November 14, 1904 [The Suburbanite]

[To watch the film, go HERE.]


The Suburbanite features a collection of mentally deranged and idiotic individuals whose chief occupations seem to be crockery-smashing and hand-wringing.

But I accidentally discovered an intriguing method of viewing when a woman with an extravagant hat caused some small disturbance off to my left. I glanced over, watched her angrily move from her seat—rather than remove her hat—and when my eyes returned to the screen someone was gesticulating wildly, her eyes drawn down in agony—and I could not fathom why. The scene grew mysterious, a single moment divorced from cause—so I tried the experiment again, averting my eyes for ten seconds or so--and returned to see someone—the cook?—in the kitchen randomly throwing cups and plates.
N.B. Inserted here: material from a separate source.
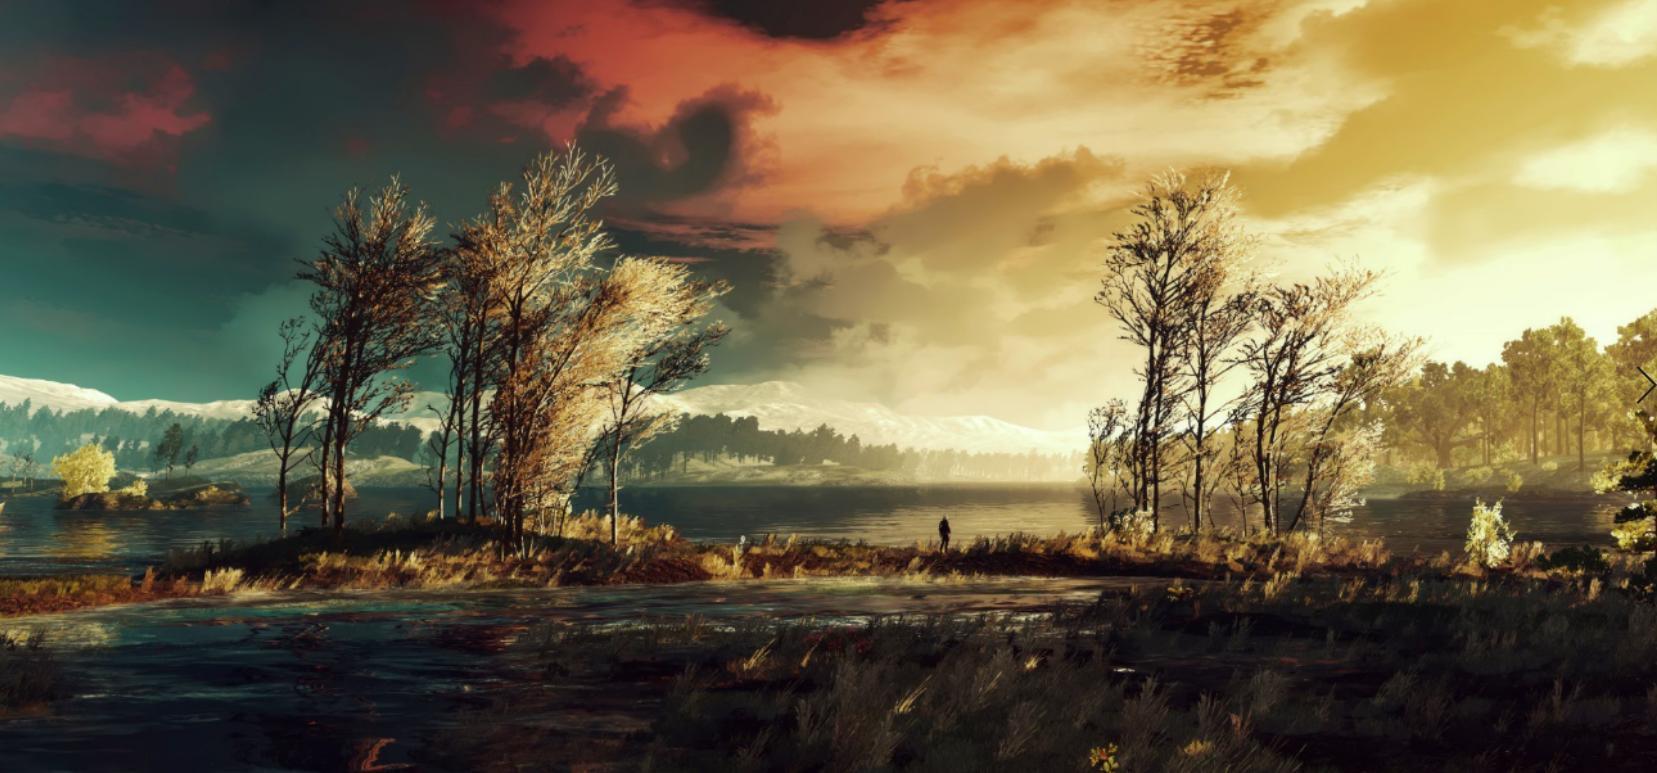 焚香谷加点_巫师三: 狂猎壁纸分享-第13张图片-游戏摸鱼怪

By the end, I'd invented four vignettes of chaos—the slapstick satire of suburban living left behind, the formal relationships among the characters (let alone the plot relationships between incidents) obliterated. True, on its own the thing was episodic; but in creating these "blank spaces" on a cinematic map, if I may steal from Mr. Conrad,* I find myself not only the spectator but the maker of the film—and, if I may say so myself, not bad at it, at least in the blank spaces.


*Editor's Note: The diarist is referring to Joseph Conrad's Heart of Darkness, published in book form in 1902.